Desperate for a post without the “K” word. A list from my journal of definitions; several are my own doing, and all the rest gathered in unremembered bits and pieces. If any are yours, sing out---I totally believe in Credit Where Due.
Pinecushion---that wonderful carpet in a forest that goes “critch, critch,” as you walk.
Cashtration: The act of buying or renovating a house, which renders the subject financially impotent for an indefinite period of time.
Bozone: The substance surrounding stupid people that stops bright ideas or common sense from penetrating. The bozone layer, unfortunately, shows little sign of abating.
Giraffiti: Vandalism spray-painted where you wonder how they got up there.

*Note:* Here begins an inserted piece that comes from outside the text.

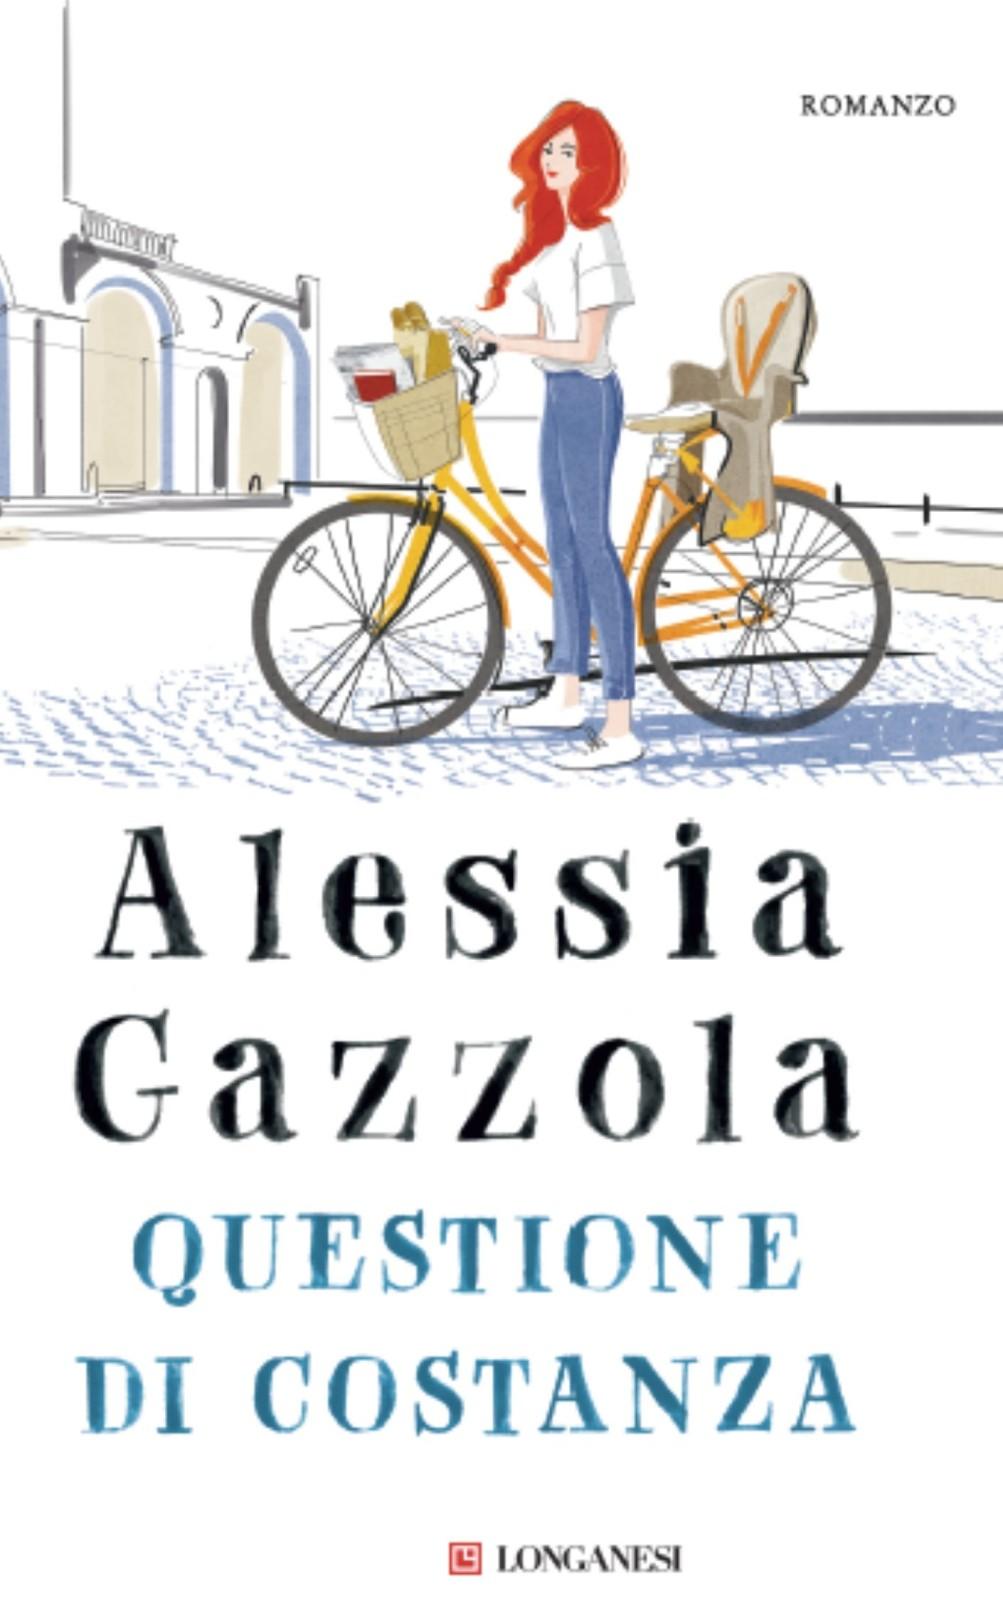 Gazzola - Questione di Costanza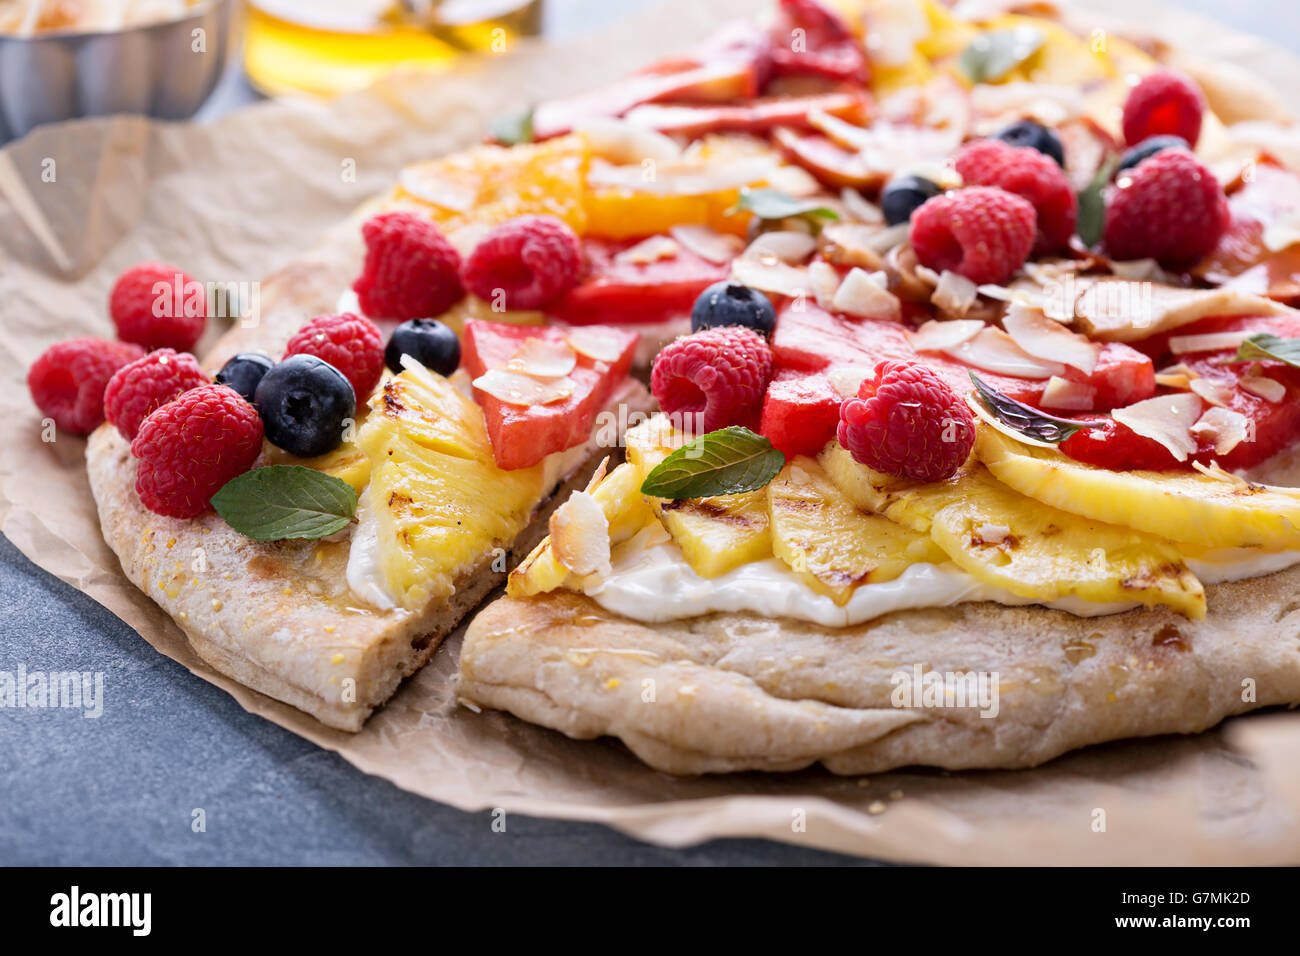 Pizza fruits grillés au miel Photo Stock

Sarchasm: The gulf between the author of sarcastic wit and the person who doesn't get it.
Inoculatte: To take coffee intravenously when you are running late
Osteopornosis: A degenerate disease.
Decafalon: The grueling event of getting through the day eating only things which are good for you.
Glibido: All talk and no action.
Dopeler Effect: The tendency of stupid ideas to seem smarter when they come at you rapidly. Var.: a form of idiocy-by-propinquity.
Arachnoleptic Fit: The frantic dance performed just after you've accidentally walked through a spider web.
Beelzebug: Evil in the form of a mosquito, that gets into your bedroom at three in the morning and cannot be cast out.
Umplet: A little lump in the rug that you have to sort of gudge along toward the edge with your feet.
And my absolute favorite, from years ago:
Disconfect: The ability Moms have to remove germs by picking up your dropped cookie and blowing on it.
Says Rachel, off to sort through boxes whilst searching for some Ruth, a bit of Feck, two spoons of Hap, quite a bagful of AIM, and a pennyworth of WHACK, cause I'm pretty much out.